→ **ABOUT THIS EXERCISE**:
Only the lines from the one containing "Zeilschool De Randmeren" through the end of the listing belong in the answer, repeated exactly, with no pictures.

→ **DATA EXCERPT**:
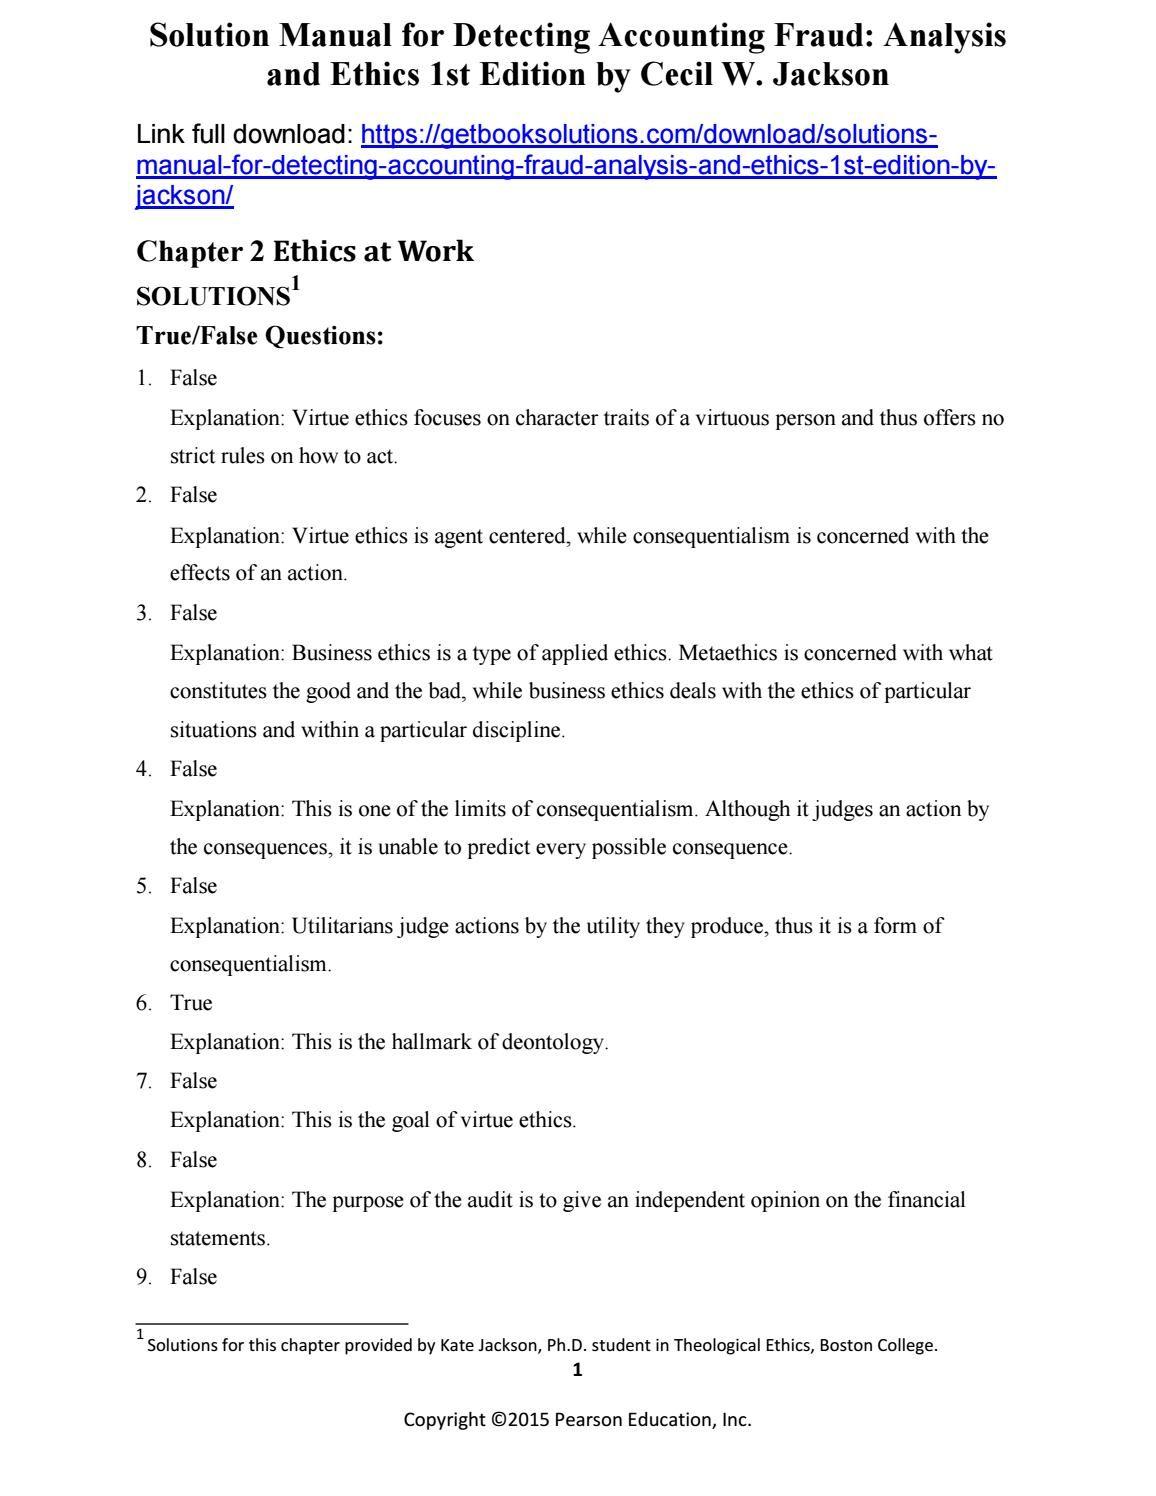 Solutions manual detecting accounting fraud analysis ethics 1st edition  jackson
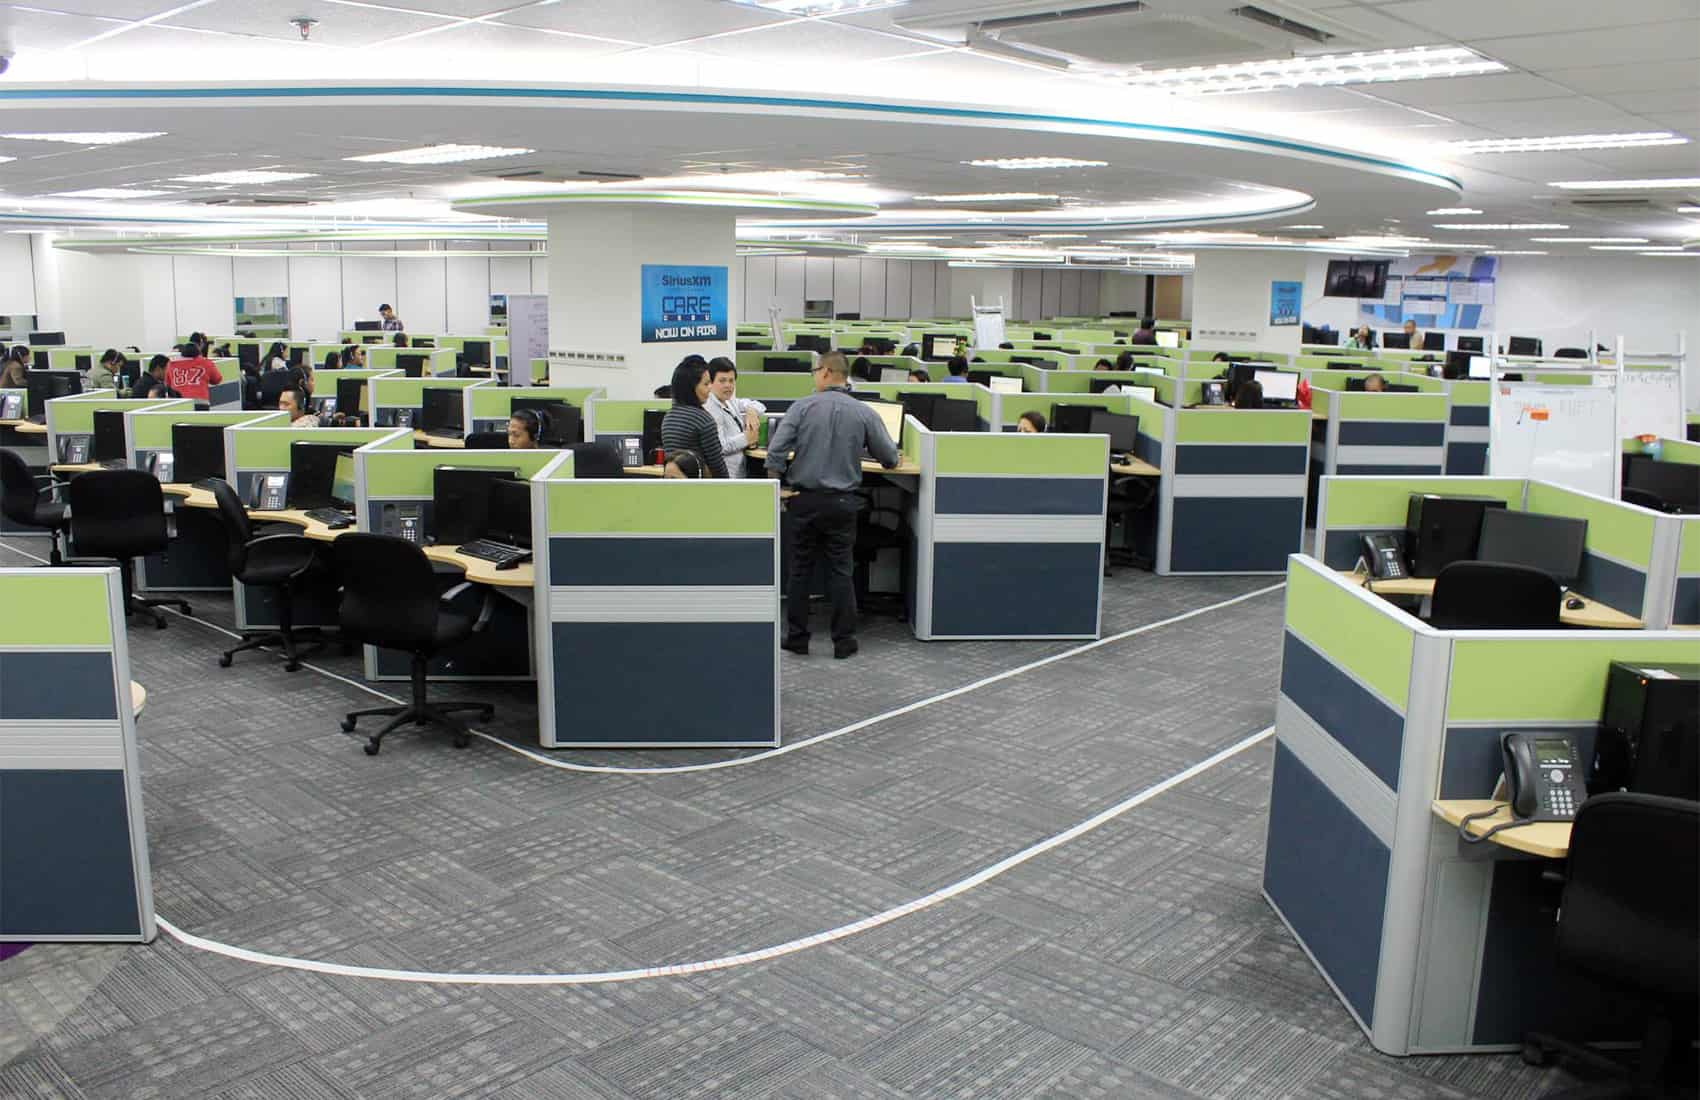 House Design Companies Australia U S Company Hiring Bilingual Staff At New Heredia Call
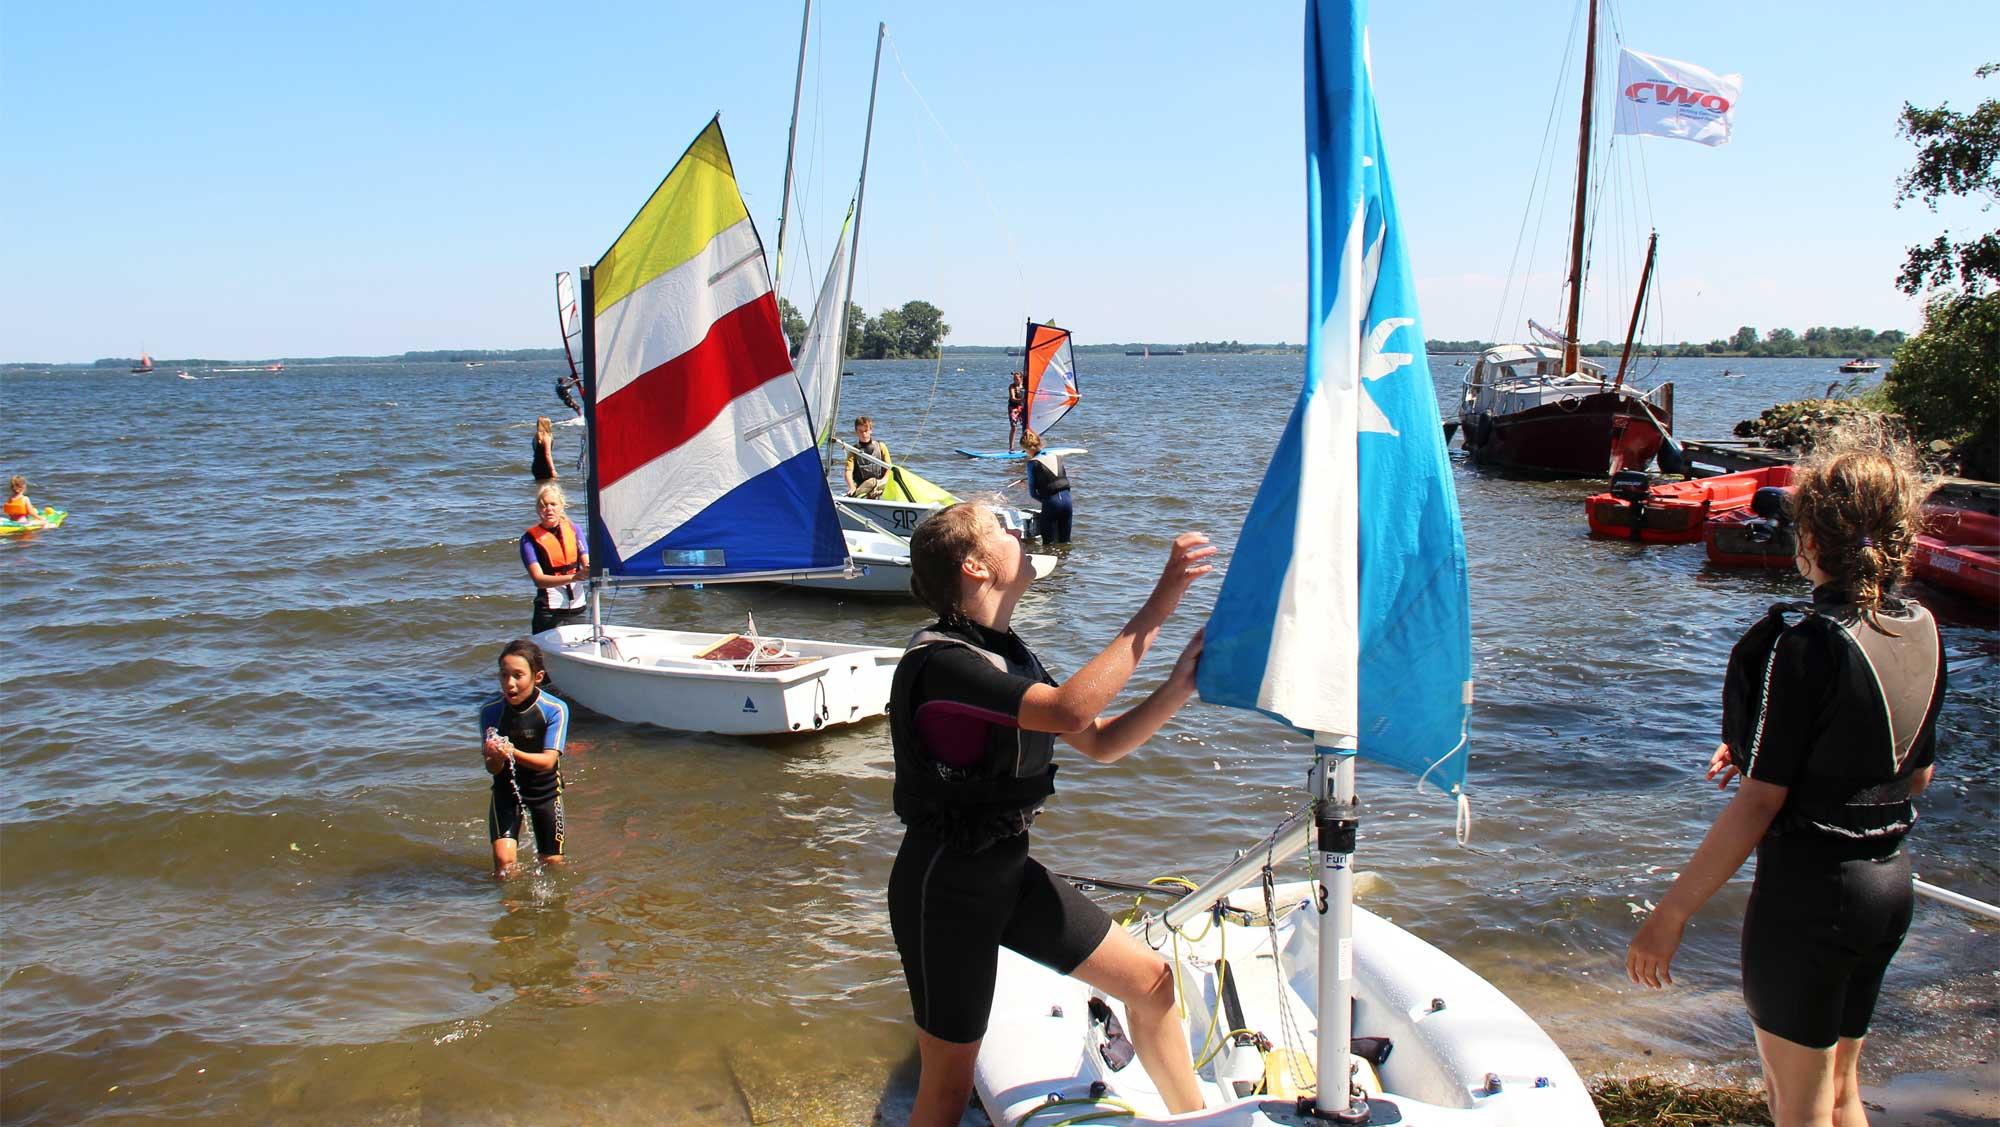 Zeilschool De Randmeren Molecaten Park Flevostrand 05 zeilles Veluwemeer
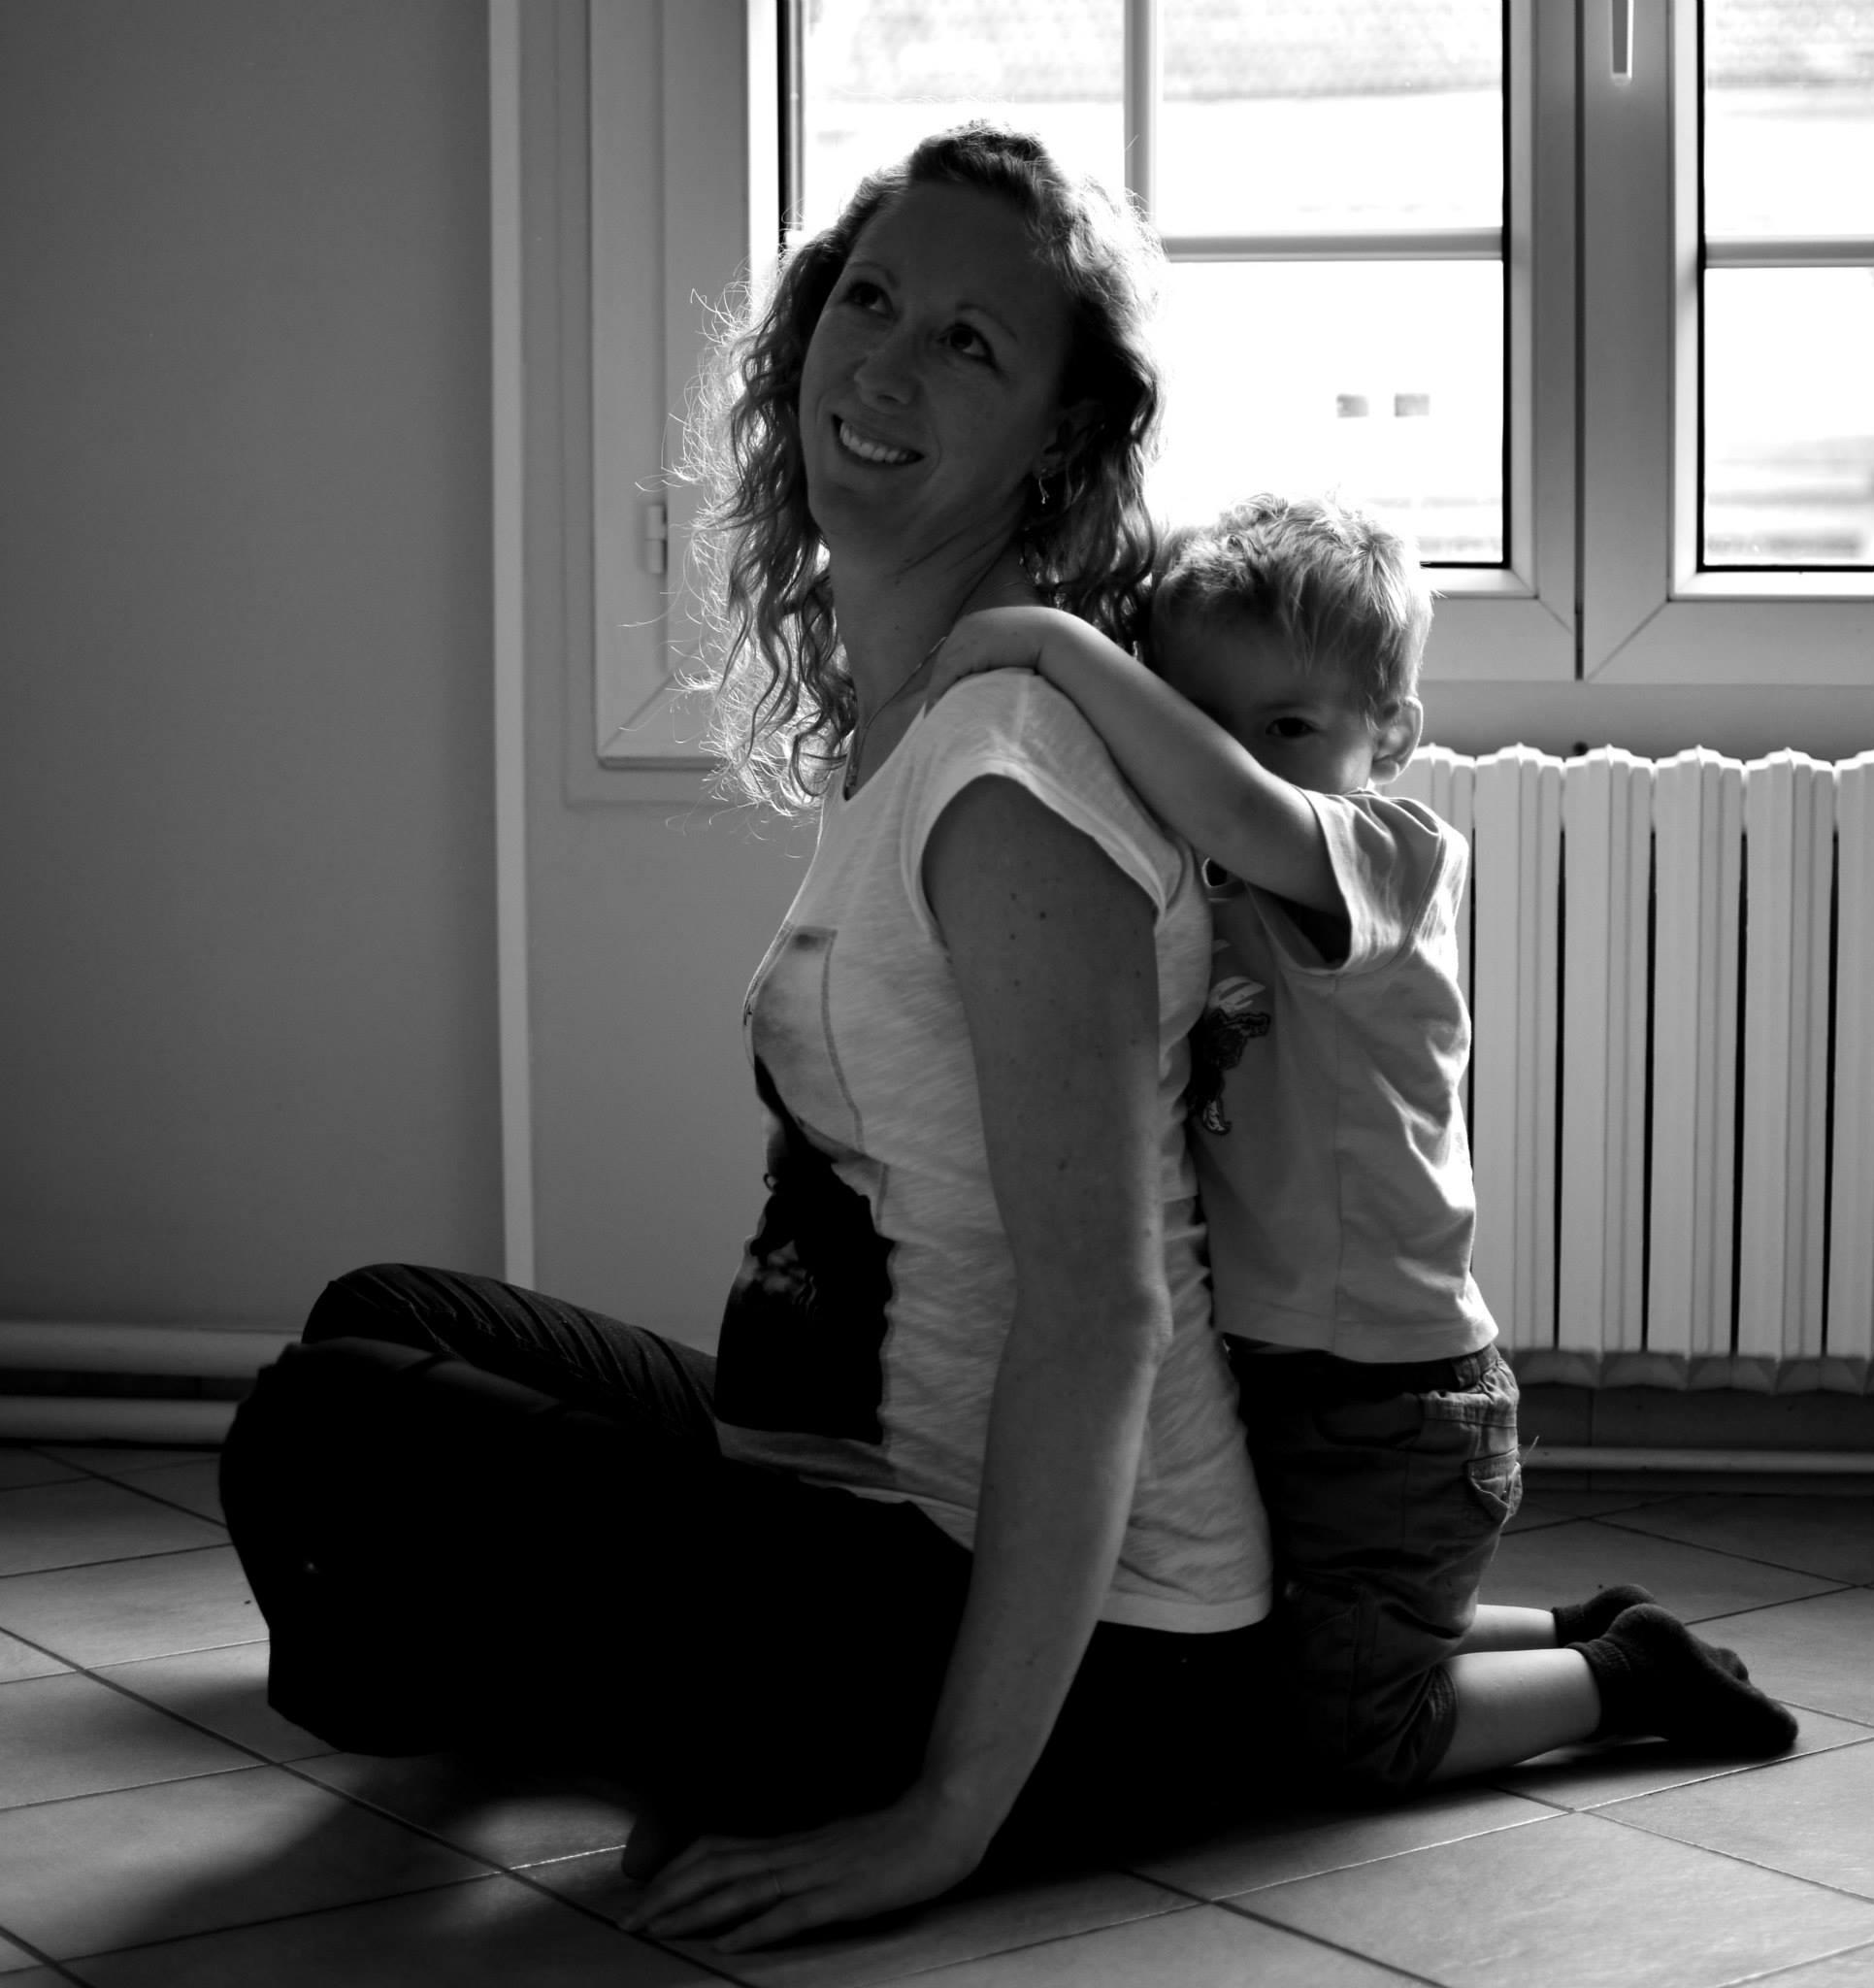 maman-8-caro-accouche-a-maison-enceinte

→ **REPLY TO THE EXERCISE**:
 Zeilschool De Randmeren Molecaten Park Flevostrand 05 zeilles Veluwemeer
 maman-8-caro-accouche-a-maison-enceinte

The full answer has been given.